YOUR TASK — The listing below should be printed exactly, though its pictures must not be.

----- SUPPLIED MATERIAL

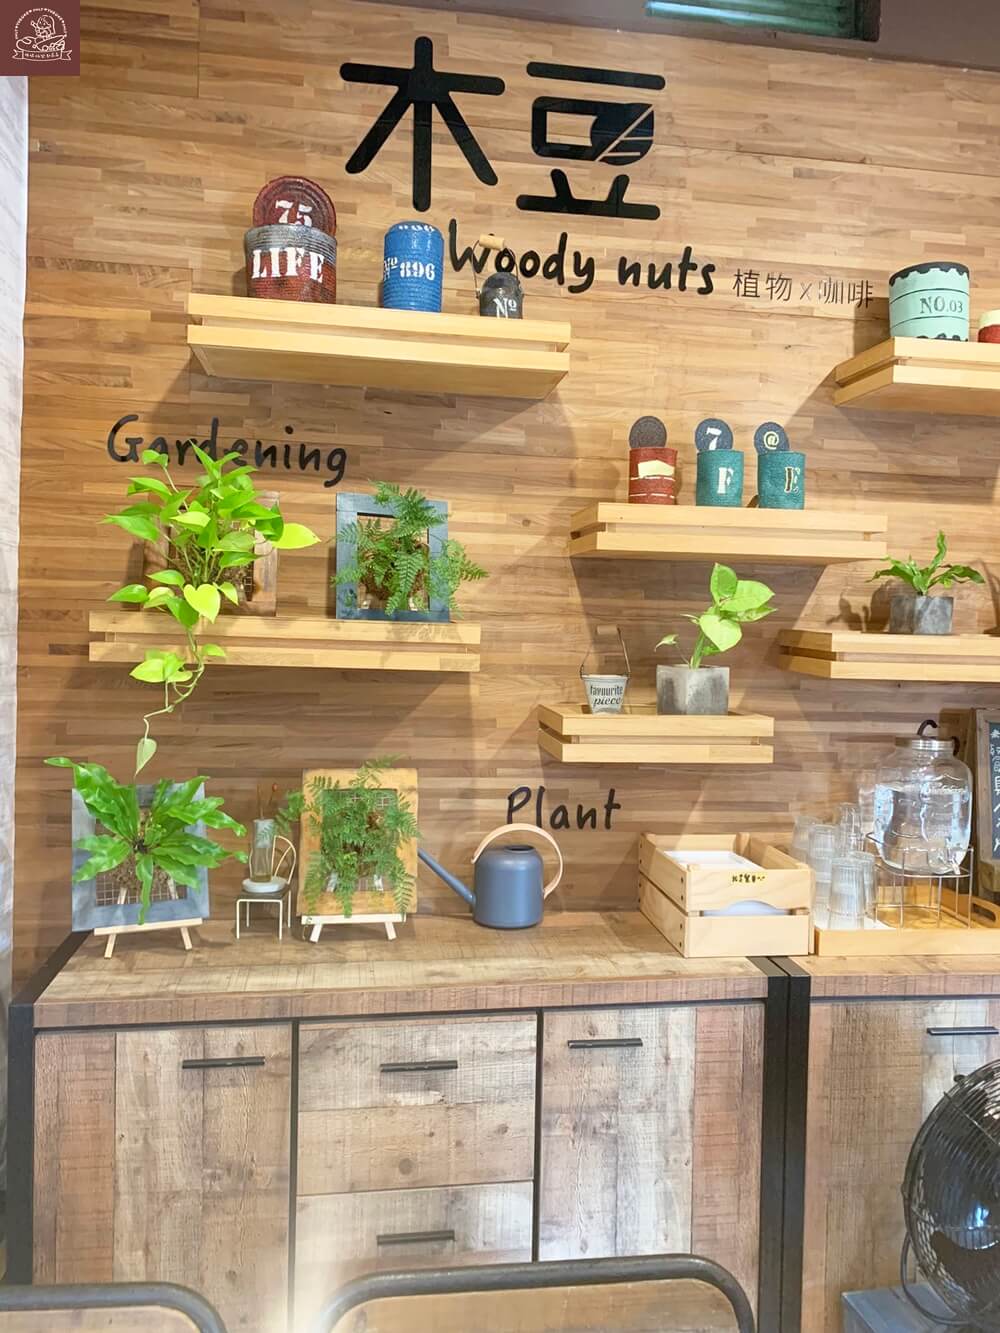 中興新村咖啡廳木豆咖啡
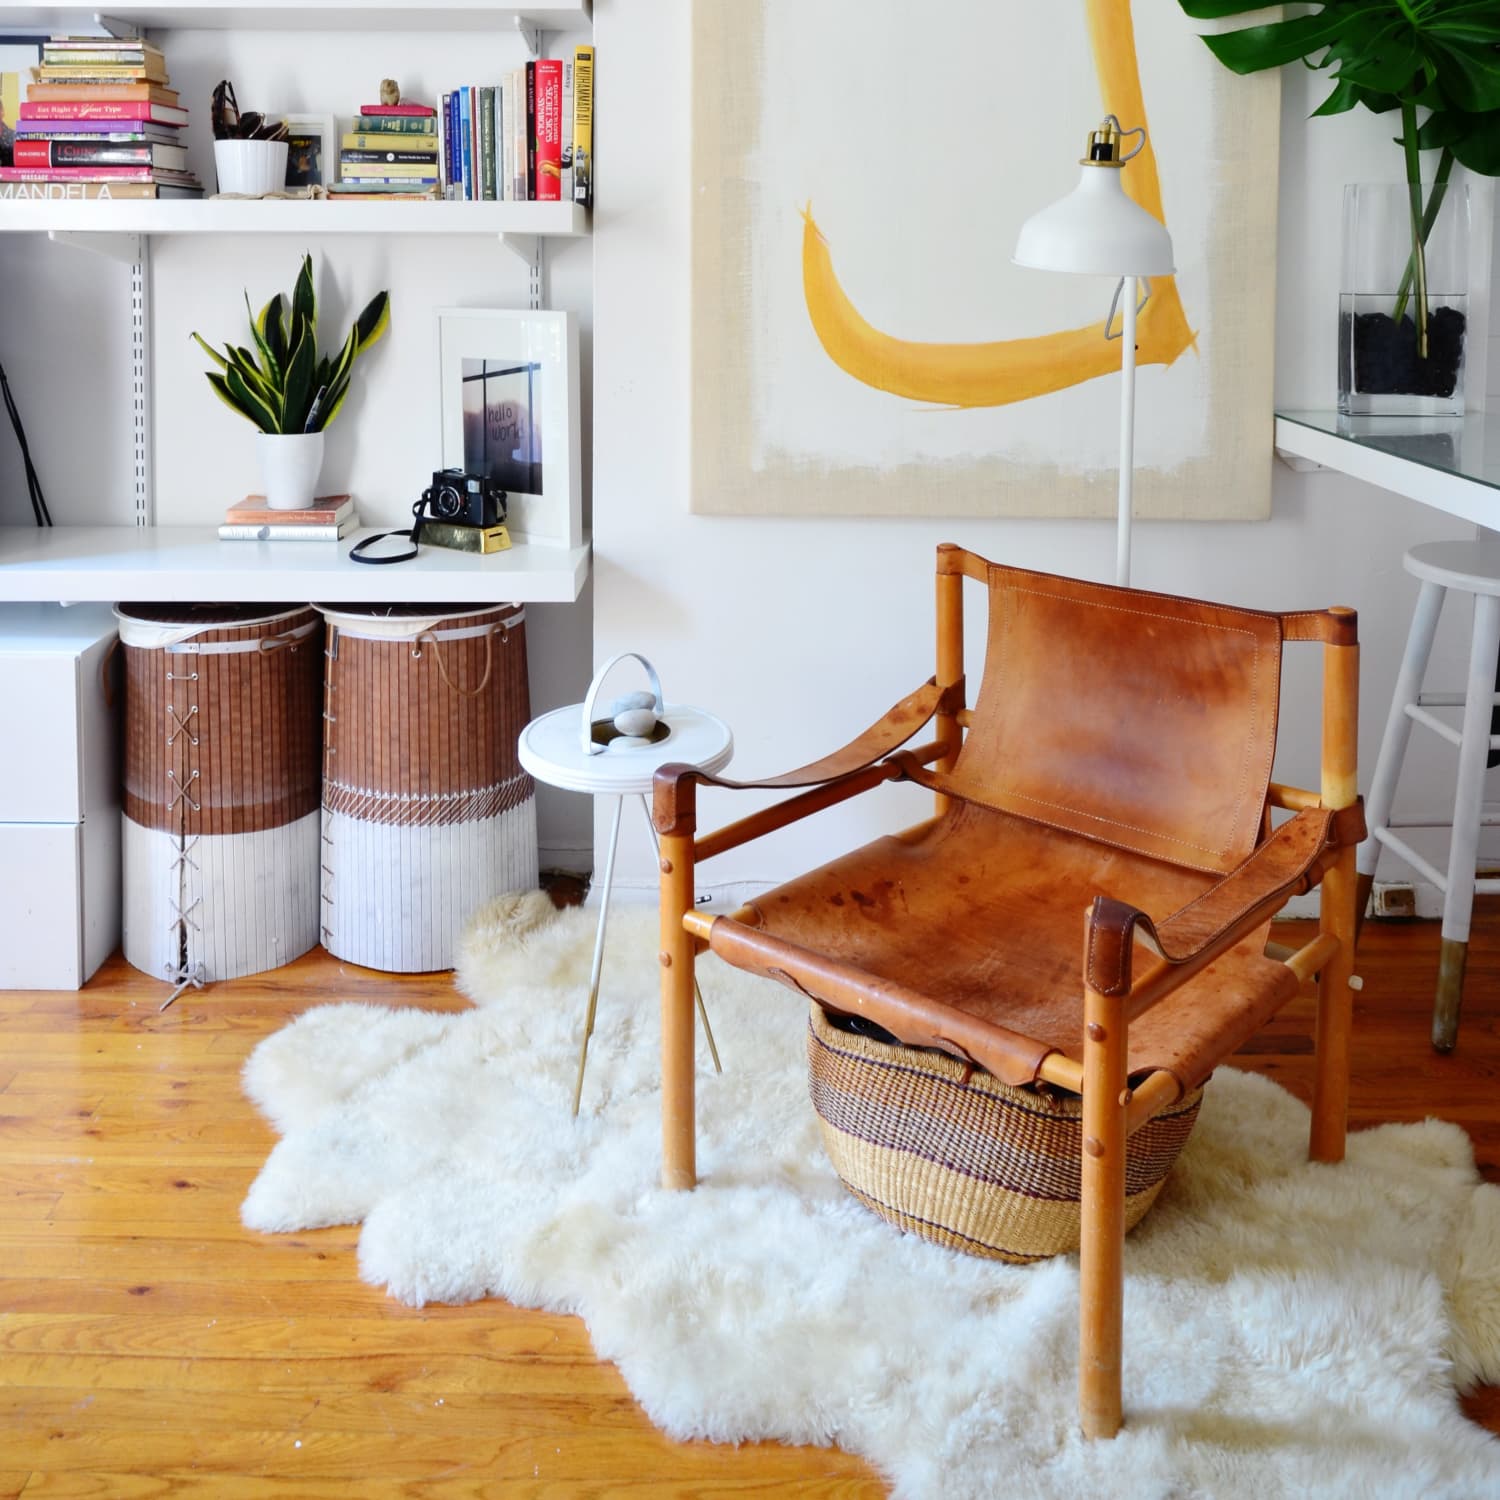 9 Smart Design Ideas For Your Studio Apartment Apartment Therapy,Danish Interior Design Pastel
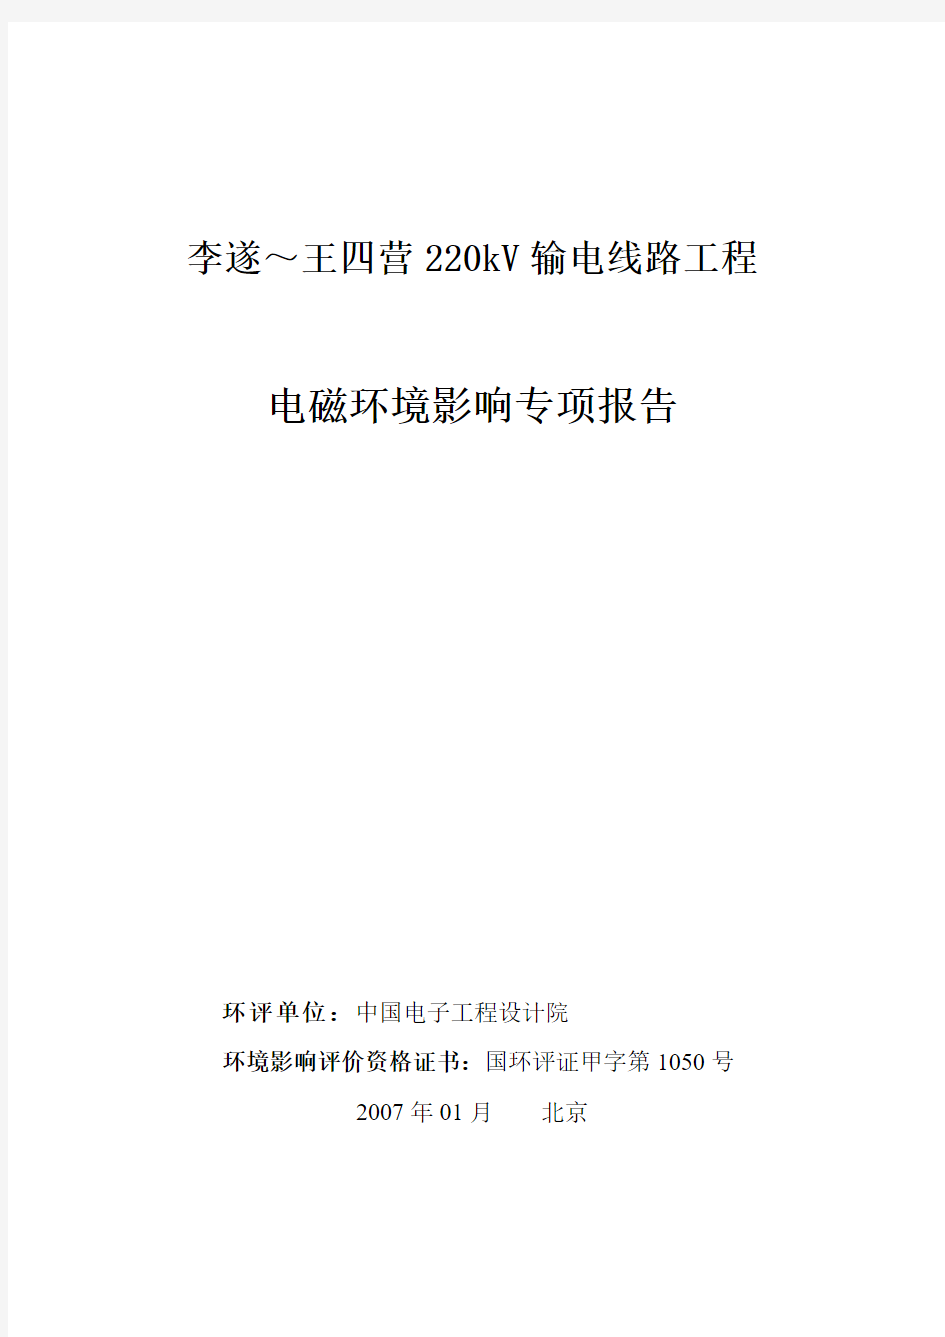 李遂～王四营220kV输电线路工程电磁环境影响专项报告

----------

FINISHED EXERCISE —
 中興新村咖啡廳木豆咖啡
 9 Smart Design Ideas For Your Studio Apartment Apartment Therapy,Danish Interior Design Pastel
 李遂～王四营220kV输电线路工程电磁环境影响专项报告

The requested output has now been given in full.